5. With PhD student Daniel Sand, we have developed a machine-learning (ML) algorithm to identify STN biomarkers which may enable automatic closed-loop STN stimulation. We have shown that individual patients possess unique sets of STN neurophysiological biomarkers, which can be detected over long periods. ML models have revealed that personally classified engineered features most accurately predict OFF vs. ON levodopa states. We have also recorded postoperative EEG cortical activity, while STN low frequency stimulation (LFS) was applied to different areas in- and outside the STN. ML models were used to differentiate the stimulation locations, based on EEG analysis of engineered features. A two-class linear support vector machine (SVM) predicted the interior (dorso-lateral region (DLR) and ventro-medial region (VMR)) vs. the exterior (Zona Incerta (ZI)) STN stimulation classification.  Its accuracy was 0.98 and 0.82 for ZI vs. VMR and ZI vs. DLR, respectively, and 0.77 for DLR vs. VMR. Multiclass linear SVM predicted all areas with an accuracy of 0.82 for the exterior and interior STN stimulation locations (ZI vs. DLR vs. VMR). We suggest that noninvasive EEG biomarkers can use low-frequency STN stimulation to localize STN DBS electrodes to STN sub-regions. Such models can be used for both intraoperative electrode localization and postoperative stimulation programming, with potential to improve STN DBS clinical outcomes. Future development of adaptive DBS for Parkinson’s patients may include personalized ML algorithms.
6. We are studying different primate models for depression and schizophrenia. With MD-PhD student Maya Slovik, we have recorded local field potentials simultaneously from the primary motor cortex and the external globus pallidus of four monkeys, before and after administration of ketamine (NMDA antagonist).
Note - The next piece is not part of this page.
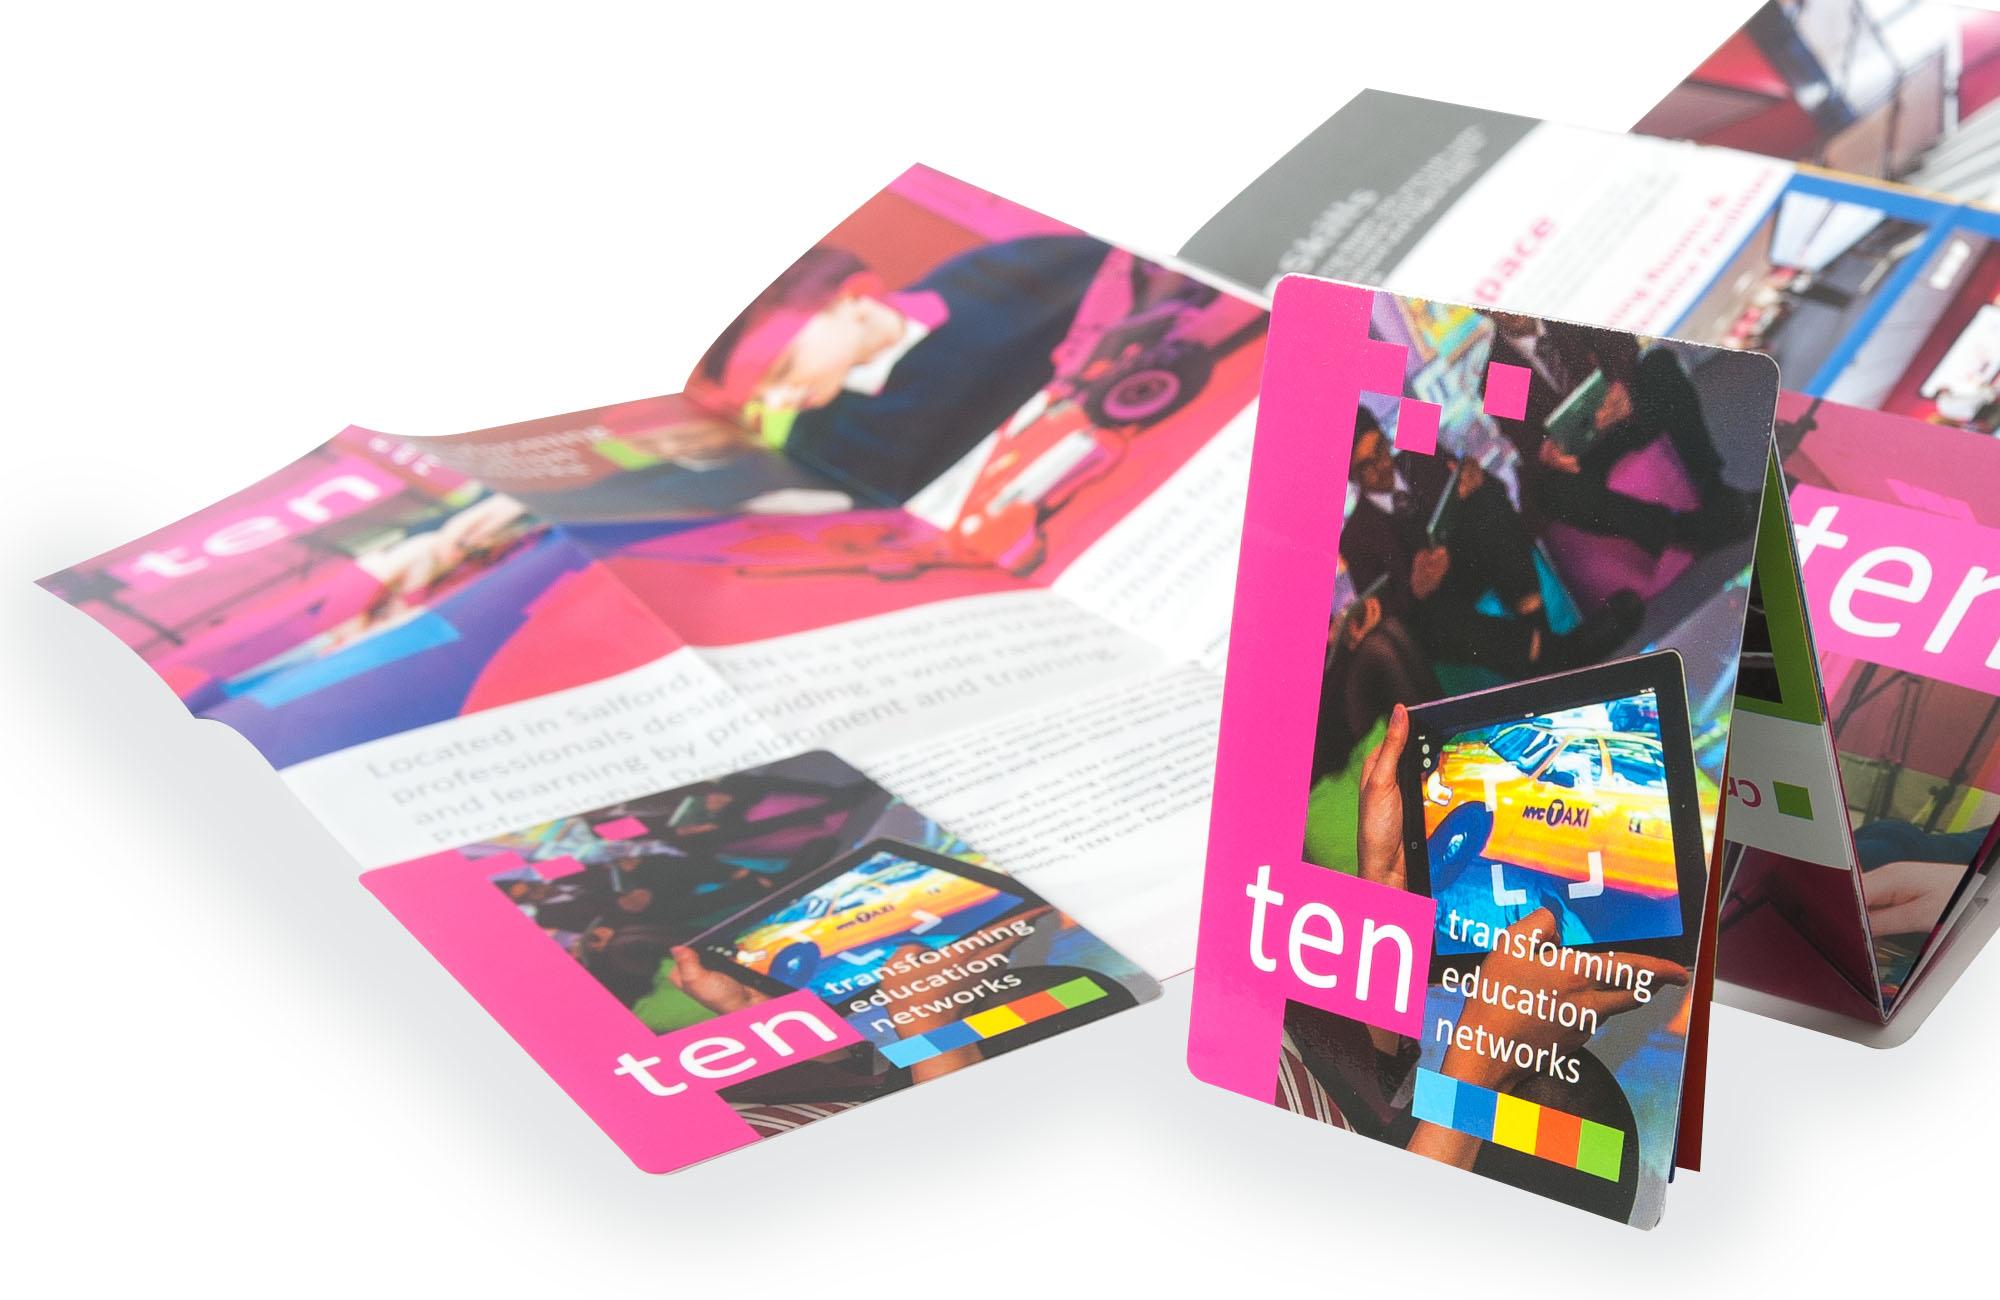 Z Card Design for Ten Centre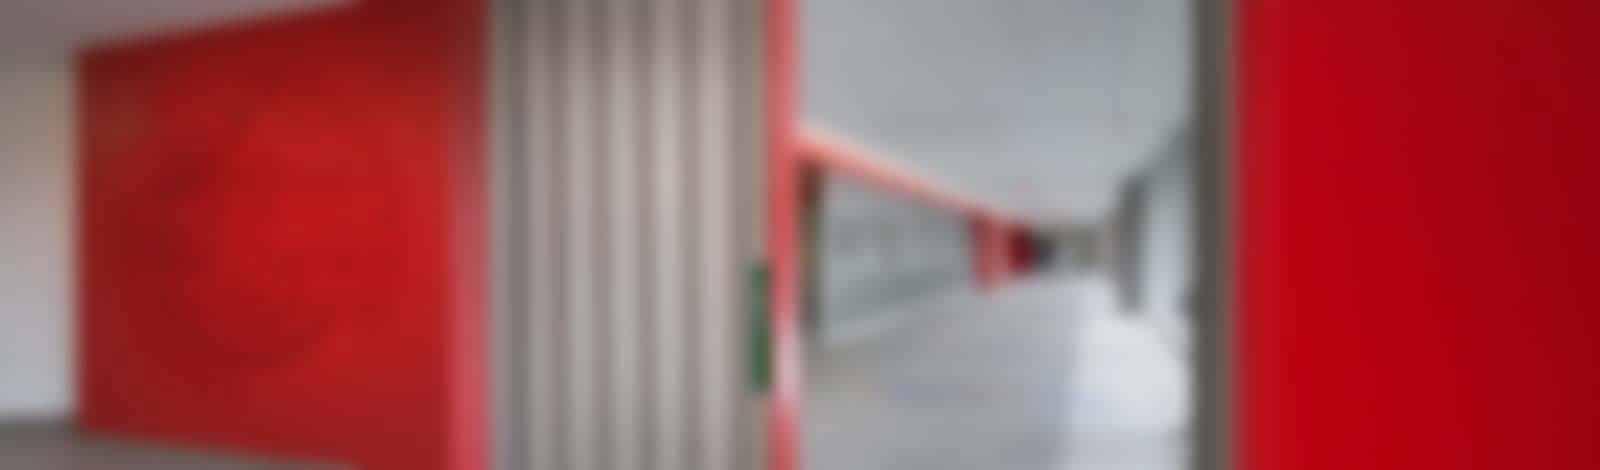 banner_v2-bkg-blur-original-view

This study is the first to show spontaneous gamma oscillations under NMDA antagonist in non-human primates. These oscillations appeared in synchrony in the cortex and the basal ganglia. Phase analysis refuted the confounding effects of volume conduction and supported the funneling and amplifying architecture of the cortico-basal ganglia loops. These results suggest an abnormal network phenomenon with a unique spectral signature which could account for pathological mental and neurological states. With MD-PhD student Shiran Katabi, we have found neurophysiological and anatomical changes in the basal ganglia after treatment with antidepressant (Prozac) and destruction of the serotonergic neurons in monkeys. Our collaborative study with Prof. Suzanne Haber (Rochester University and Harvard University) has been awarded a BSF grant.